American activist (born 2006)

Naomi Wadler (born October 16, 2006) is an American student and activist against gun violence. She has made speeches advocating for victims of gun violence in the United States, especially Black female victims, most notably at the pro-gun control protest March For Our Lives. She attends Alexandria City High School in Alexandria, Virginia.

== Personal life ==
Wadler was adopted by Julie Wadler from an Ethiopian orphanage in 2007. Wadler's mother also adopted another daughter, Sarah, in 2009.

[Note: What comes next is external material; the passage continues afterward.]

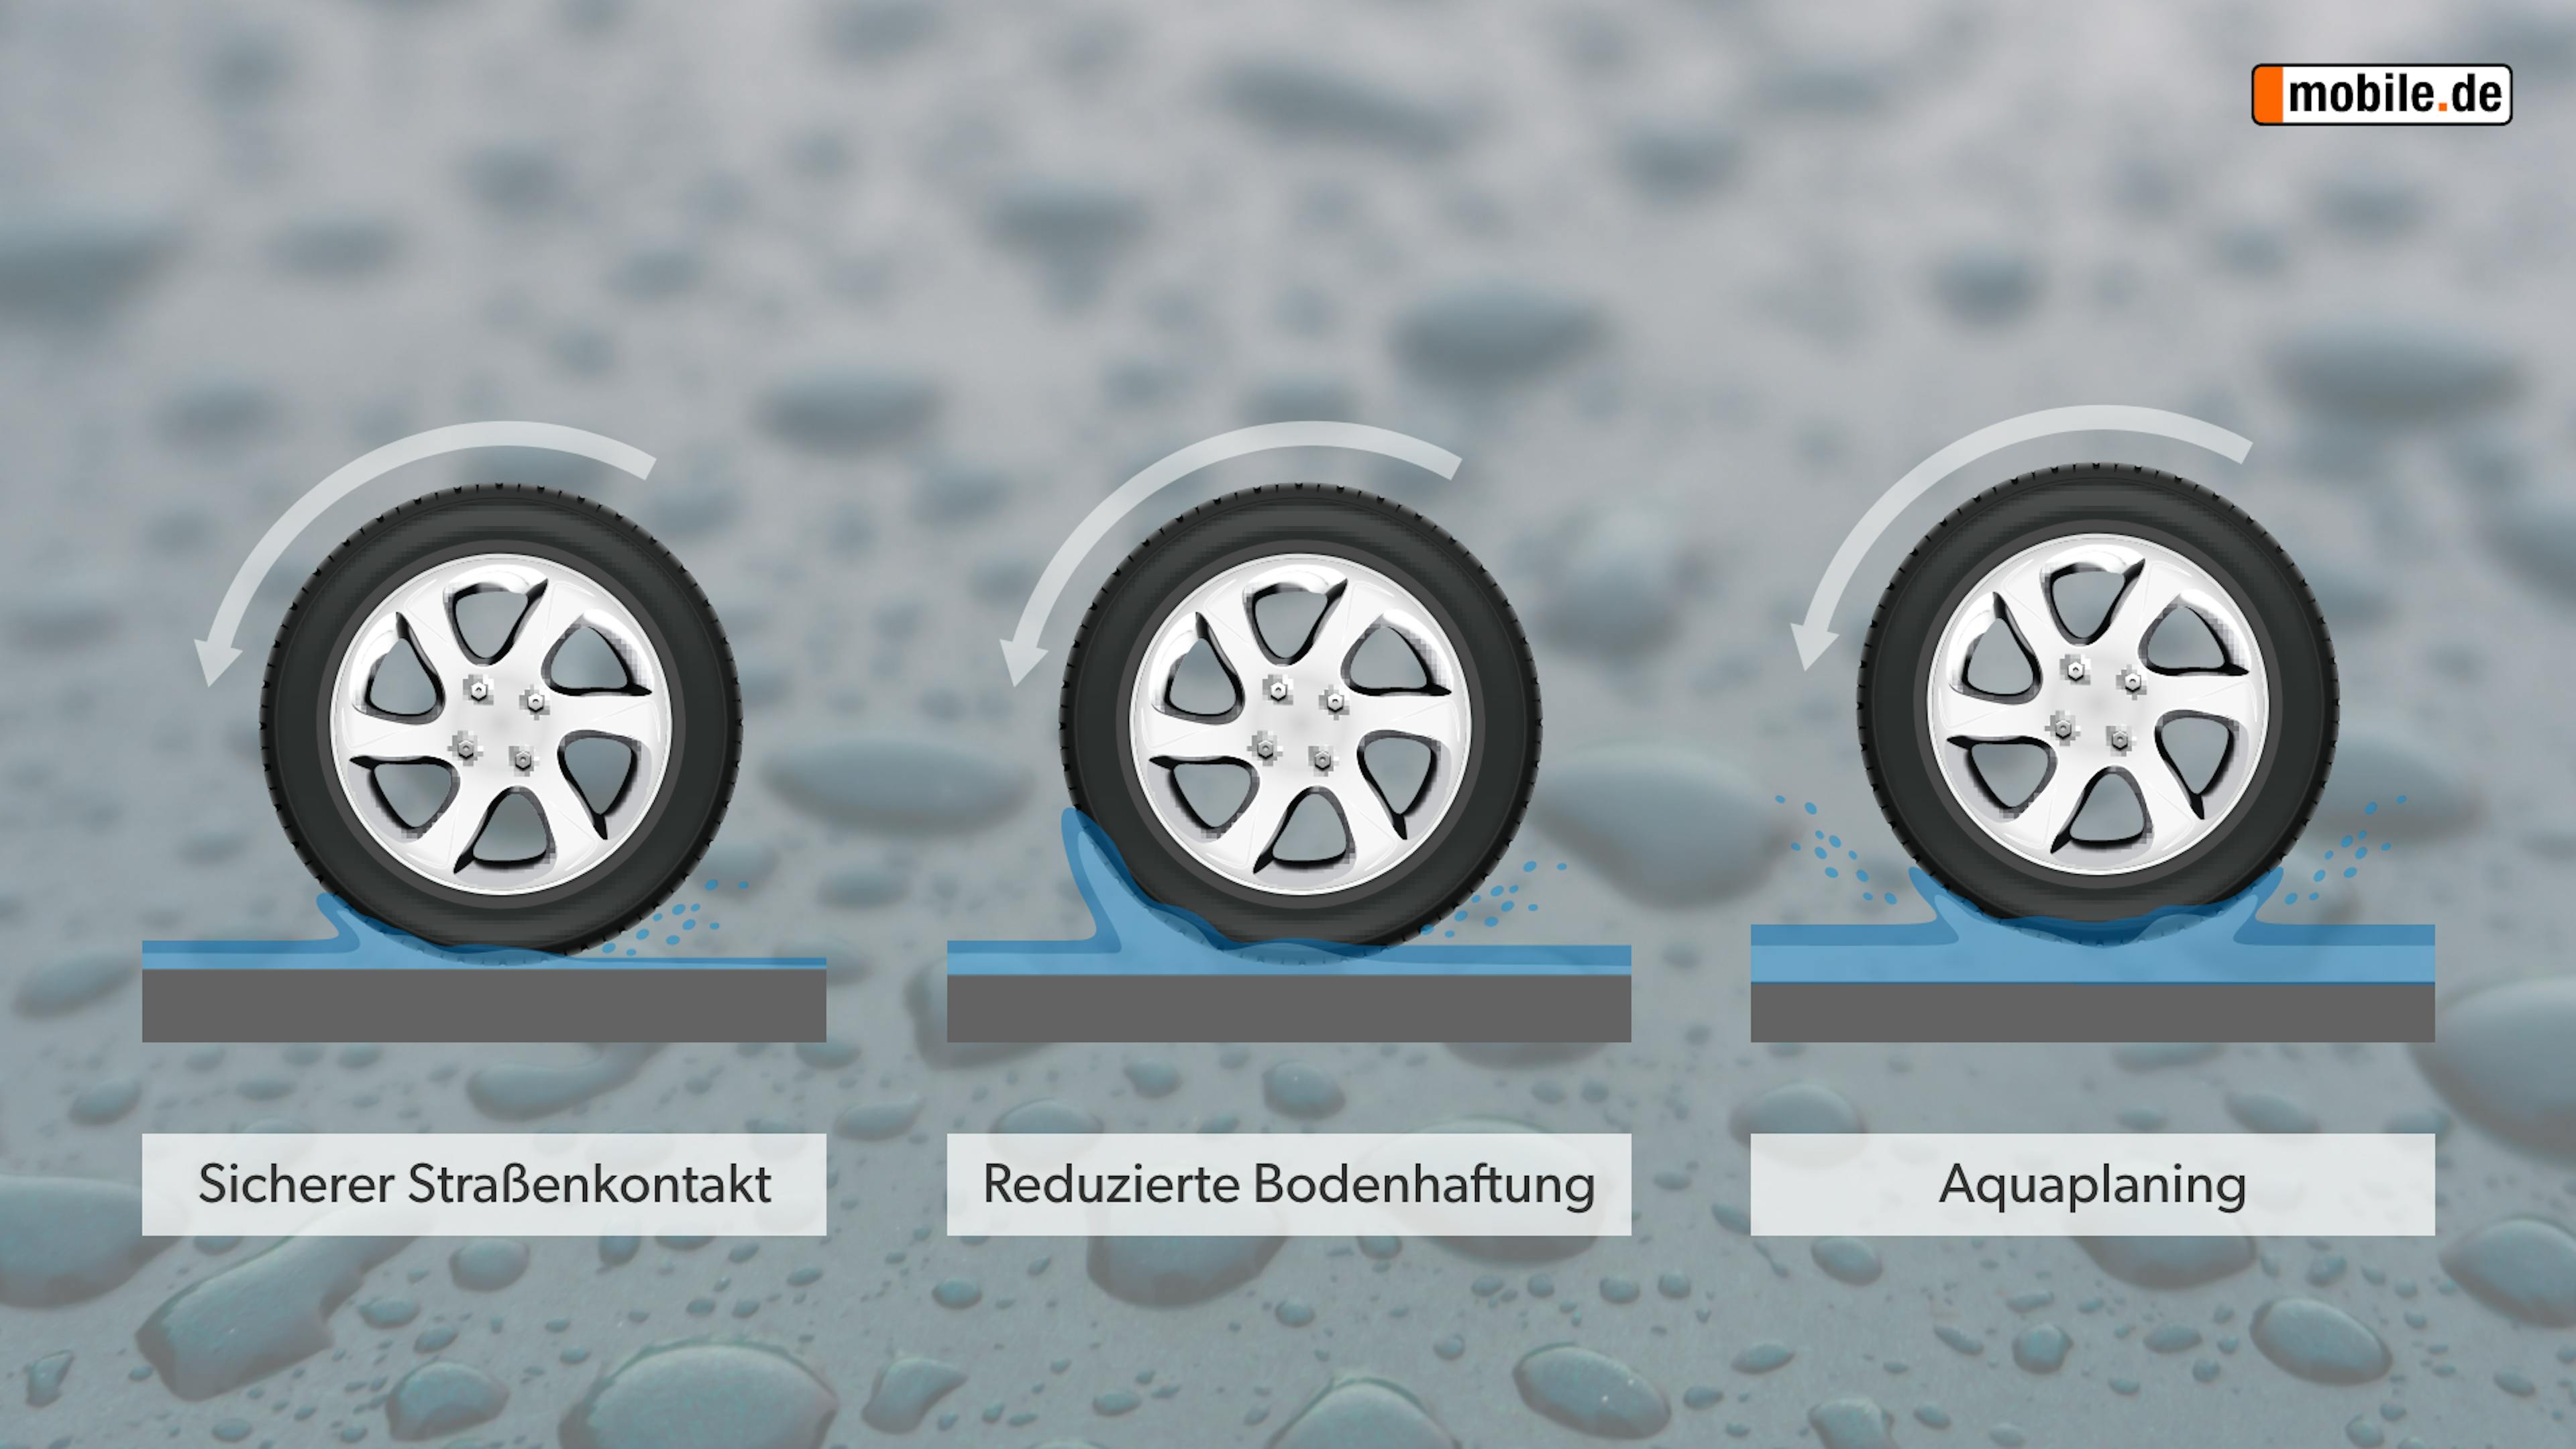 Eine Abbildung mit drei Reifen in verschiedenen Situationen: beim sicheren Straßenkontakt, bei reduzierter Bodenhaftung und bei Aquaplaning.
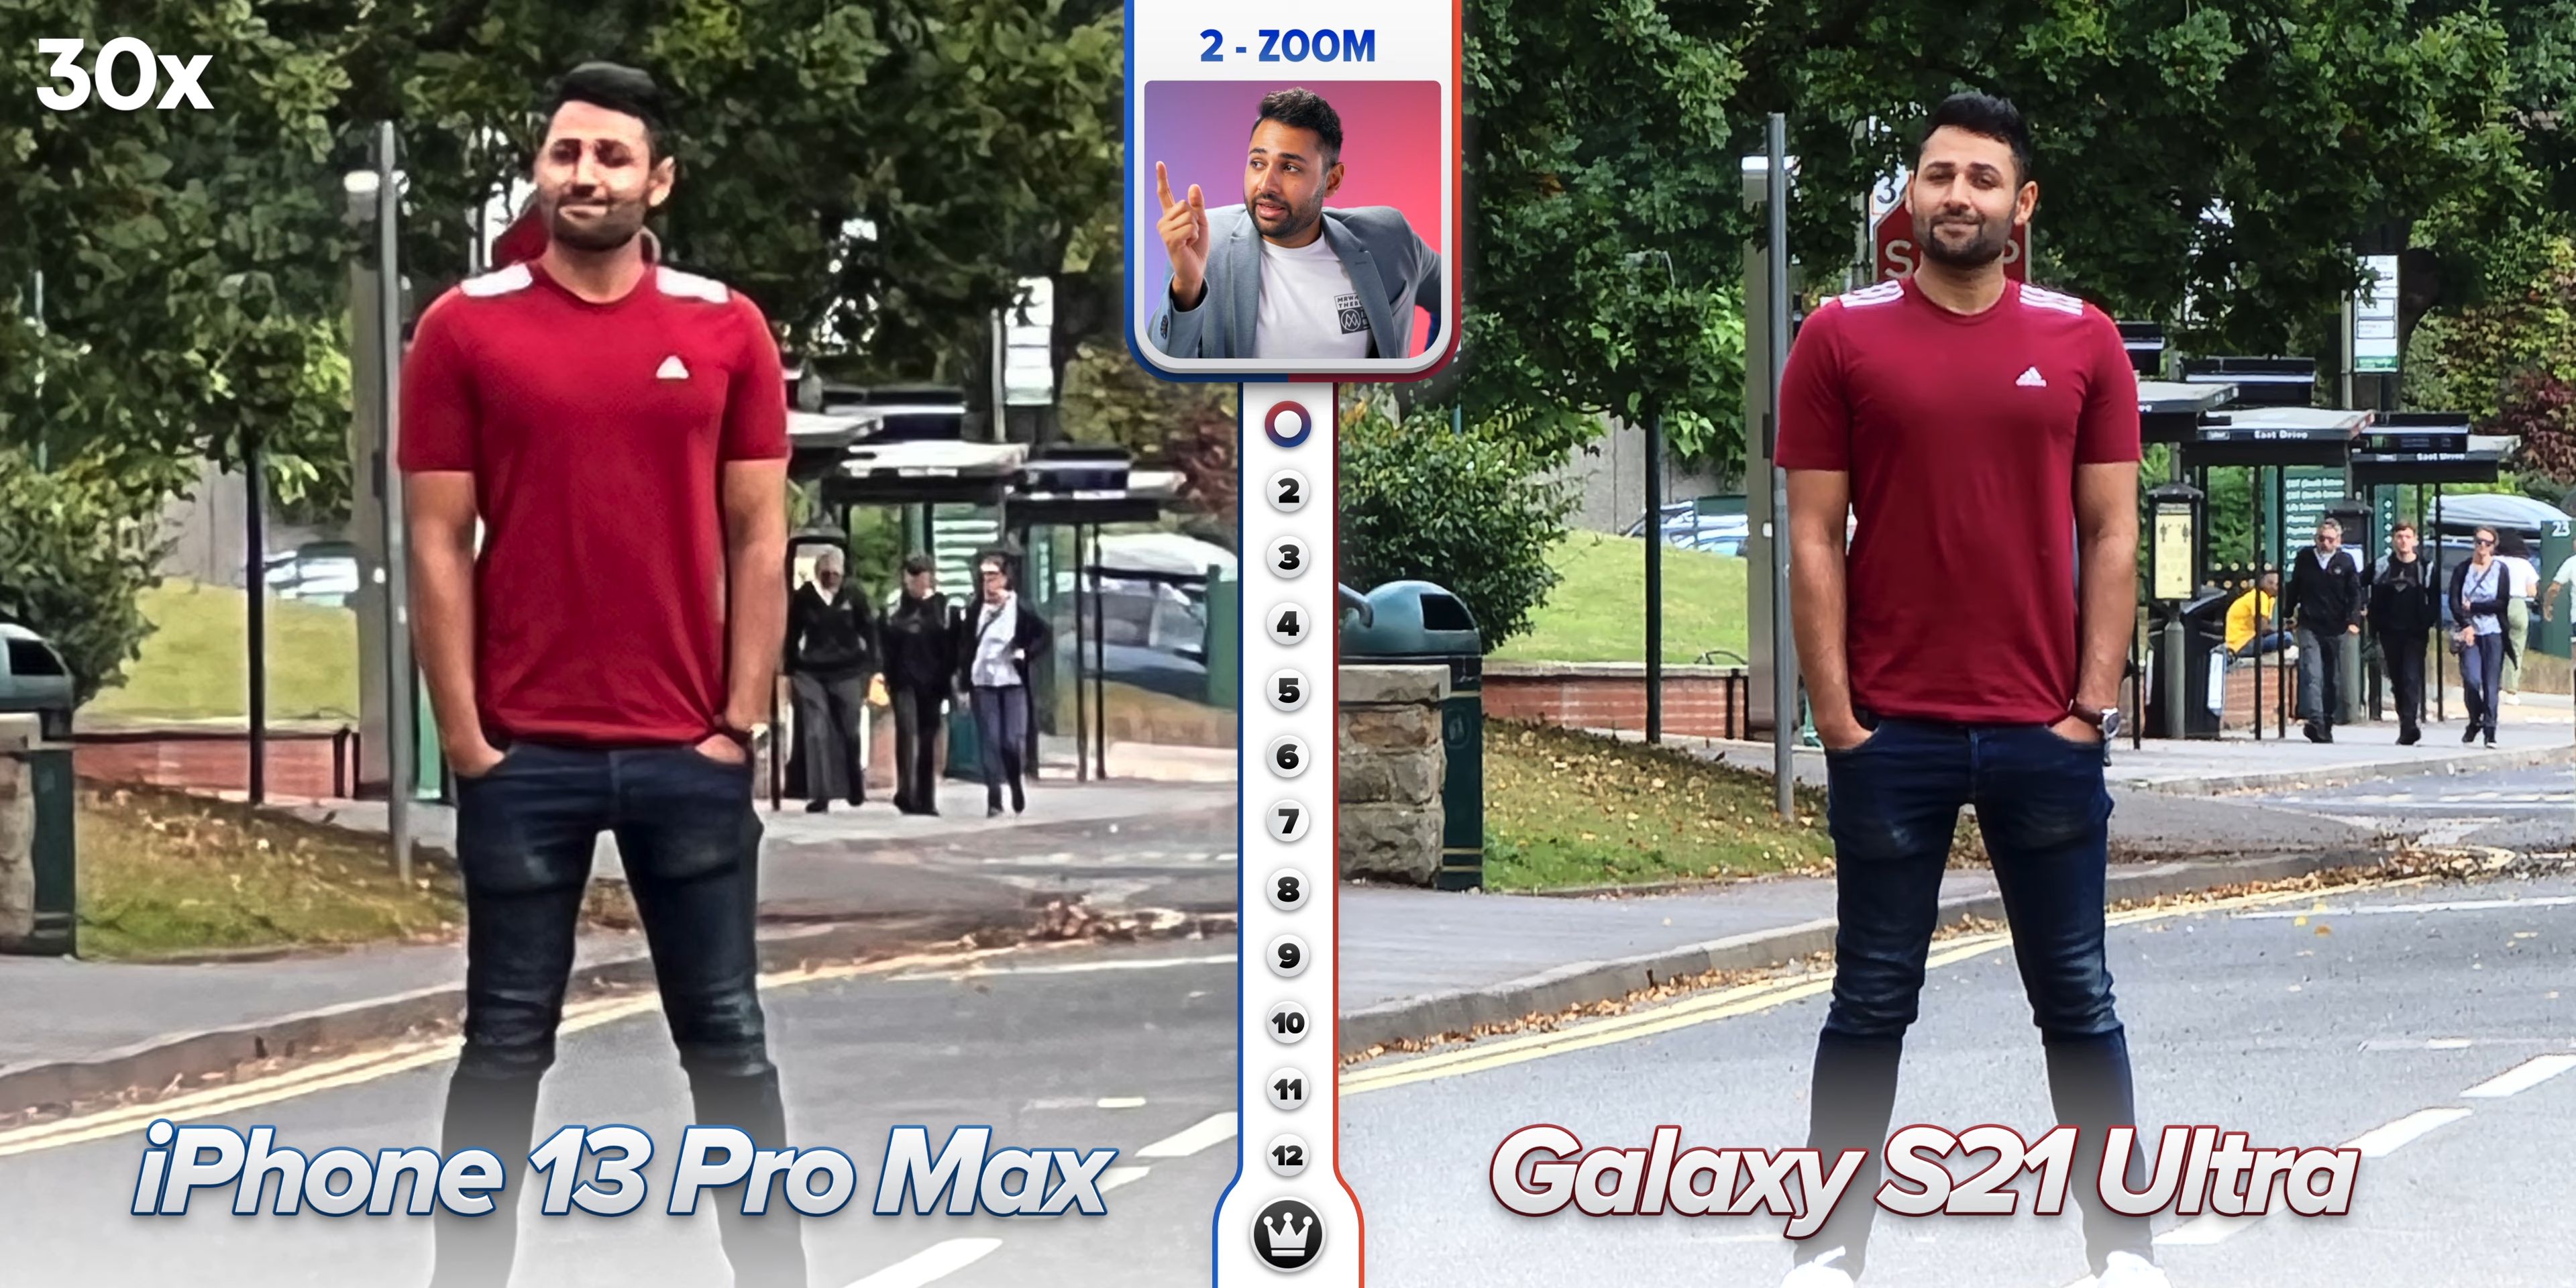 Качество фото 14 айфона. Айфон 13 и самсунг ультра камера. Iphone 13 Pro Max камера. Сравнение камер iphone 13 Pro Max. Сравнение камер iphone 13 Pro Max и Samsung Galaxy.

Wadler's African American father is a recreational hunter.

Wadler told Elle in April 2018 that she is Ethiopian Jewish and that she had been the victim of racism at her school because of her Jewish and Ethiopian heritages.

== Political activism ==
On March 14, 2018, Wadler helped organize a walkout of 200 classmates at George Mason Elementary School. They stood in silence for 18 minutes: 17 minutes in memory of the 17 victims of the Stoneman Douglas High School shooting and one additional minute in memory of Courtlin Arrington, a Black girl who had been a victim of gun violence at Huffman High School in Birmingham, Alabama.

On March 24, 2018, Wadler spoke to many people at March for Our Lives in Washington, D.C. She was the youngest speaker at the rally. She talked about why she pushed for the walkout and said that there's a disproportionate number of Black female victims of gun violence in the United States. Instead of holding the protest for 17 minutes like the people at the other schools, Wadler held the protest to last for 18 minutes. The extra minute was for Courtlin Arrington, a girl who was shot at her school in Alabama on March 7. Wadler was initially worried that discussing Black female victims would be considered "off topic", but felt comfortable after finding out about "other students from all over would speak from their experiences". The speech became popular on Twitter, and was praised by famous Black actresses.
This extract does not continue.